6. ПРИРОДА (Inst. th. 21, 109; In Tim. I, 10, 4–11, 30; Th. Pl. VI, 72, 10–114, 20; In Parm. 791, 29–795, 8). Между душой и телесным космосом П. по­мещает еще одну неприобщимую бестелесную ипостась – природу (φύσις). Последняя представляет собой имманентную телам неразумную (ἄλογος) силу, которая содержит рациональные принципы (λόγοι) всех вещей и с их помощью творит и организует материальный космос. И хотя природа непосредственно следует за душой, ее причиной является не душа, а более высокая ипостась мыслящей жизни, благодаря которой действие природы распространяется не только на одушевленные существа, но и на все вещи космоса вплоть до «самых бездушных». Как последнее звено в ряду бесте­лесных сущностей, соединяющее неприобщимую душу с телесным миром, природа может быть названа одновременно и над- и внутрикосмической. Это дает повод некоторым исследователям (Beutler, S. 242) отождеств­лять ее сферу с уровнем т. наз. «отрешенных» или «околокосмических» душ. И хотя общее количество относящихся к этому уровню сущностей, по сло­вам самого П., не поддается исчислению, в нем могут быть выделены пять основных триад, из которых первые четыре соответствуют 12 олимпийским богам и 12 небесным вождям «Федра» (247ab).

1) Триада отцов-демиургов:

a) Зевс III – ум, управляющий свыше бытием душ и тел внутри космоса,

b) Посейдон II – ум, управляющий движением и становлением душ,

c) Гефест – ум, создающий внутрикосмические тела и управляющий ими;

2) Триада стражей:

a) Гестия – хранительница бытия и сущности внутрикосмических ве­щей,

b) Афина II – хранительница разнообразных видов жизни,

c) Арес – хранитель телесной природы, наделяющий тела силой и кре­постью;

3) Жизнепорождающая триада:

a) Деметра – родительница всех внутрикосмических видов жизни: ум­ных, душевных и телесных,

b) Гера – родительница душ,

c) Артемида II – пробуждающая к действию природные логосы и доводя­щая до совершенства несовершенство материи;

4) Возвращающая триада:

a) Гермес – вожатый душ, ведущий их ввысь посредством философии,

b) Афродита – причина согласия всего в космосе, возвращающая души к их началам посредством любовного влечения,

c) Аполлон II – вожатый душ, возвращающий души к началам при помо­щи музыки и ритма;

5) Триада Ананке – естественной необходимости, властвующей над всеми вещами в космосе; в нее входят три Мойры:

a) Лахесис – отвечающая за неизменность прошлого,

b) Клото – отвечающая за непреложность настоящего,

c) Атропос – отвечающая за неизбежность будущего.

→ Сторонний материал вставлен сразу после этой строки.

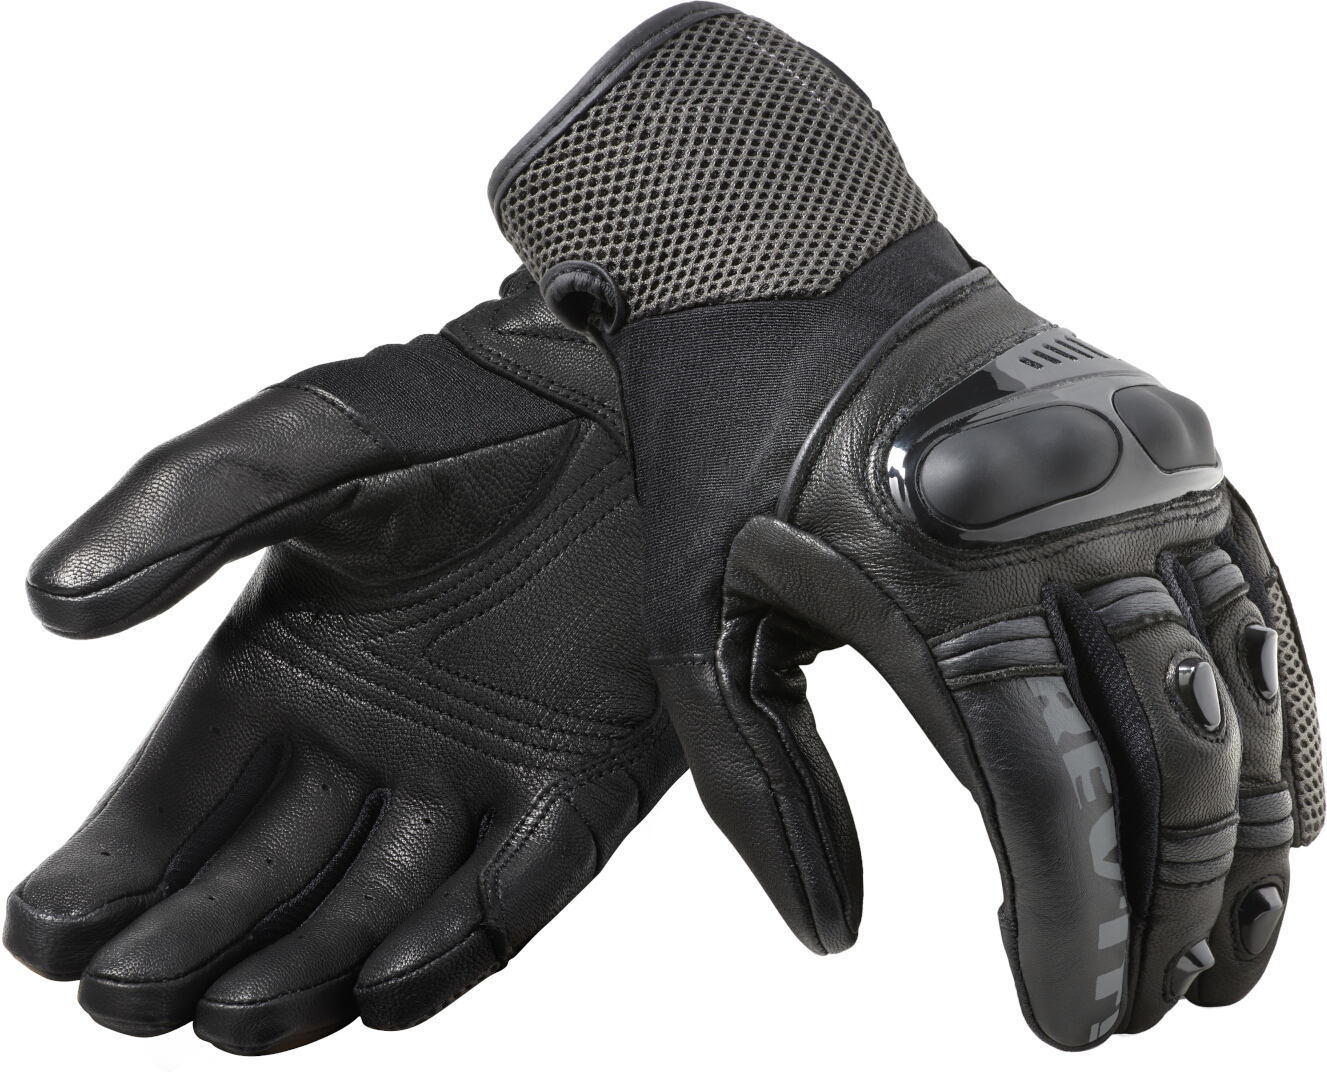 Revit Metric Motorradhandschuhe, schwarz-grau, Größe 2XL, schwarz-grau, Größe 2XL

Неприобщимая или всеобщая природа возглавляет множество проис­ходящих от нее более частных приобщимых природ: природу надлунной и подлунной сферы, природу неба и земли, животных и растений, природы отдельных видов живых существ и их разнообразных членов. В результа­те множество природ образует сложную систему родо-видовых взаимосвя­зей, которая, с одной стороны, является отражением царящего в сфере ума принципа «все во всем», а с другой, обеспечивает единство и «симпатию» всех вещей в космосе.

7. КОСМОС (Inst. th. 55; In Remp. II, 227, 23; In Tim. II, 42–50; III, 71–174). П. считает космос мыслящим одушевленным существом, зримым богом, существующим во времени, но не имеющим временного начала и конца. Как и всякое тело, космос ограничен в пространстве и имеет форму сферы. Сферичность отвечает замыслу космоса как совершенного живого суще­ства, содержащего в себе всю совокупность чувственно воспринимаемого сущего. Этому же замыслу соответствует и совершаемое им круговое дви­жение, которое тоже вбирает в себя все остальные виды пространствен­ных перемещений и, кроме того, воспроизводит возвращающееся к себе самому мышление божественного ума.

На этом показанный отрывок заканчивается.